Cray System Management (CSM) from HPE is a cloud-like control system for High Performance Computing. CSM is designed to integrate the Supercomputer with multiple datacenter networks and provide secure administrative access via authenticated REST APIs. Access to the compute nodes and to the REST APIs may need to follow different network paths which has network routing implications. This paper outlines the flexible network configurations and guides administrators planning their Shasta/CSM systems. Site Administrators have configuration options for allowing users and administrators to access the REST APIs from outside. They also have options for allowing applications running on the compute nodes to access these same APIs. This paper is structured around three themes. The first theme defines a layer2/layer3 perimeter around the system and addresses upstream connections to the site network. The second theme deals primarily with layer 3 subnet routing from the network perimeter inward. The third theme deals with administrative access control at various levels of the network as well as user-based access controls to the APIs themselves. Finally, this paper will combine the themes to describe specific use cases and how to support them with available administrative controls.

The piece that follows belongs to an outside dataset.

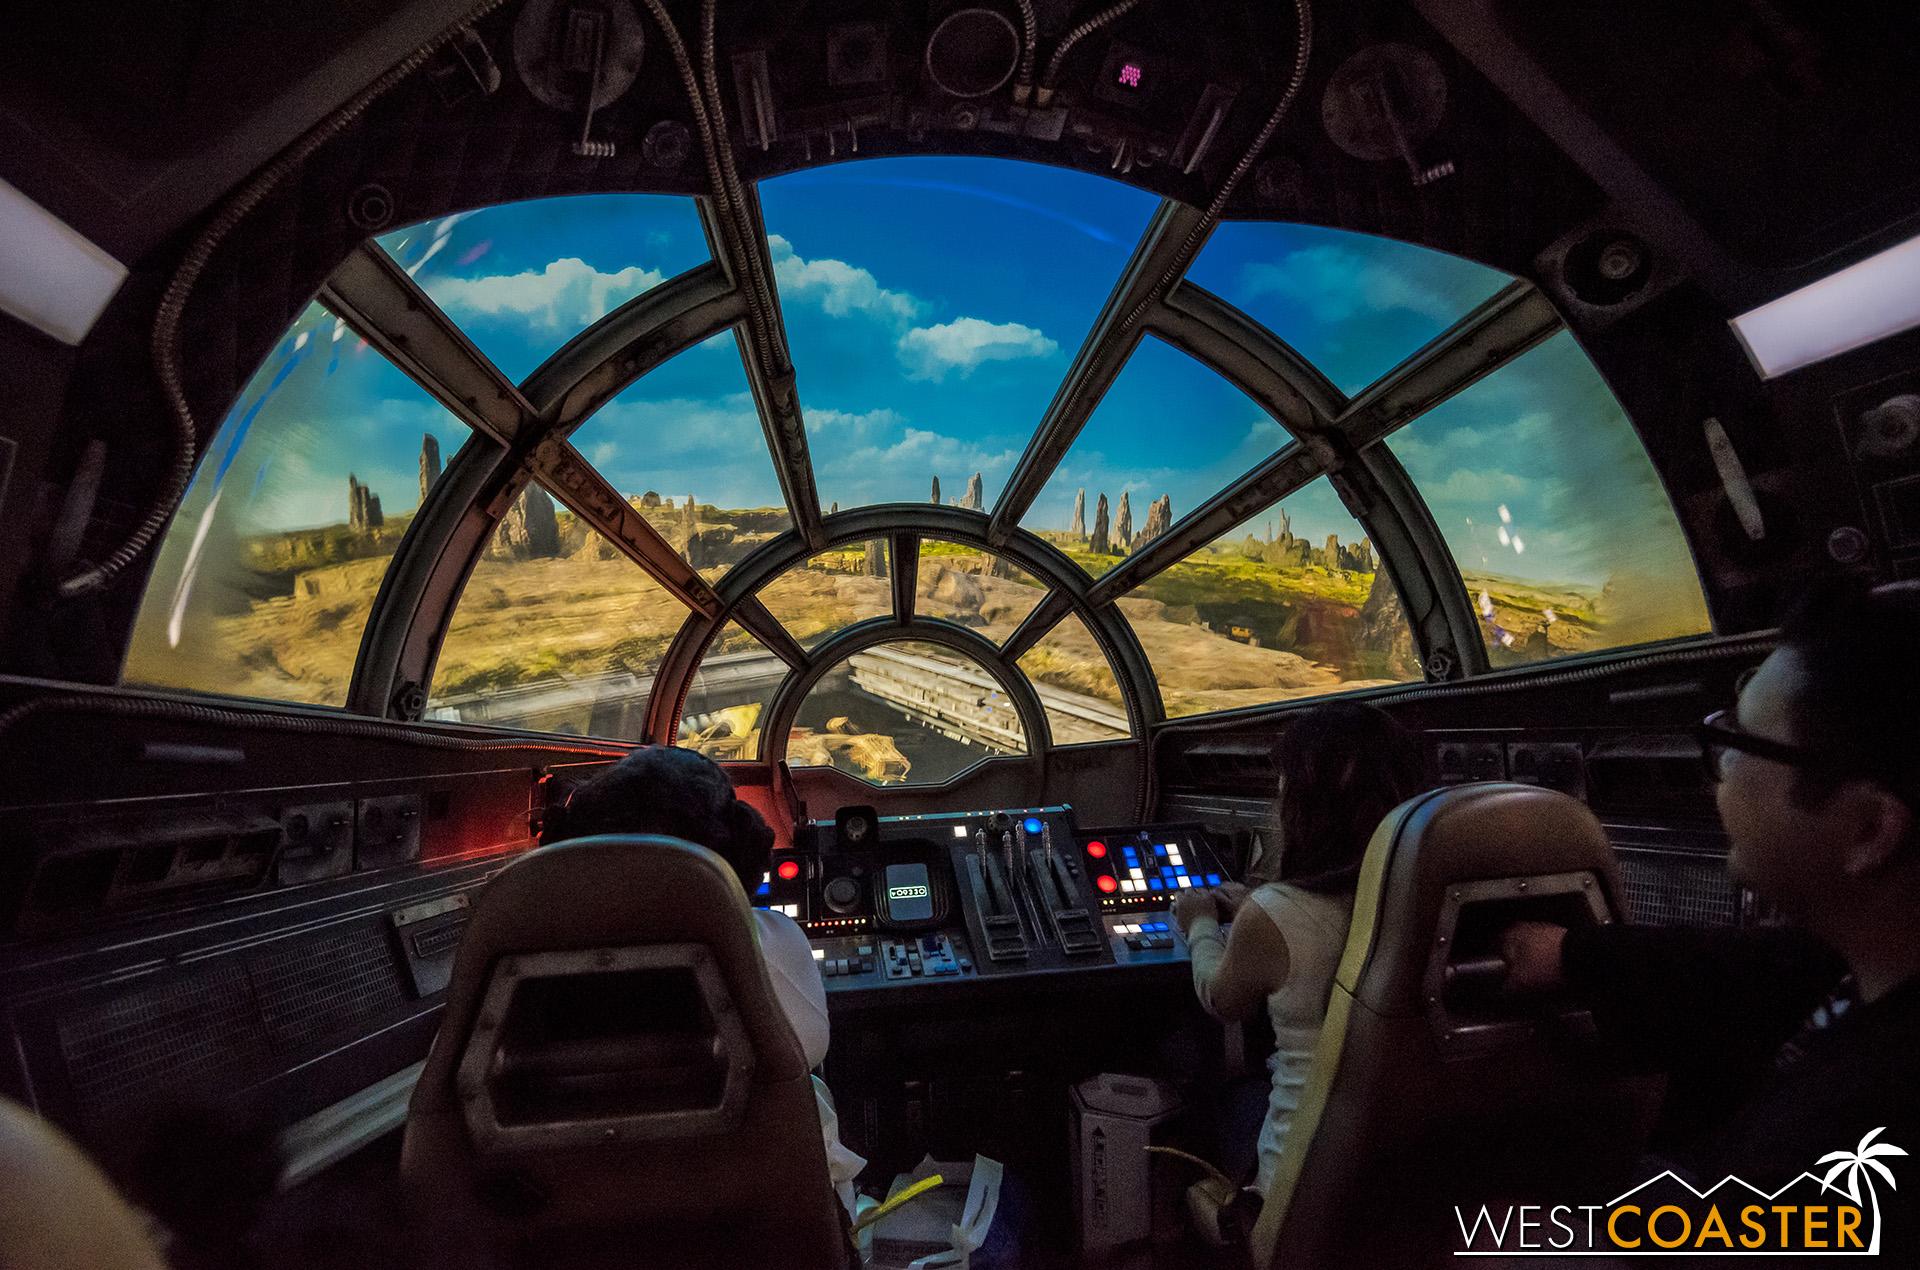 DLR-19_0606-D-Cockpit-0009.jpg

HPE Ezmeral Container Platform: Current And Future

ON-DEMAND SESSION

Contributors:

Thomas Phelan

Description:

The HPE Ezmeral Container Platform is the industry's first enterprise-grade container platform for both cloud-native and distributed non cloud-native applications using the open-source Kubernetes container orchestrator. Ezmeral enables true hybrid cloud operations across any location: on-premises, public cloud, and edge. Today, the HPE Ezmeral Container Platform is largely used for enterprise AI/ML/DL applications. However, the industry is starting to see a convergence of AI/ML/DL and High Performance Computer (HPC) workloads. This session will present an overview of the HPE Ezmeral Container Platform - its architecture, features, and usecases. It will also provide a look into the future product roadmap where the platform will support HPC workloads as well.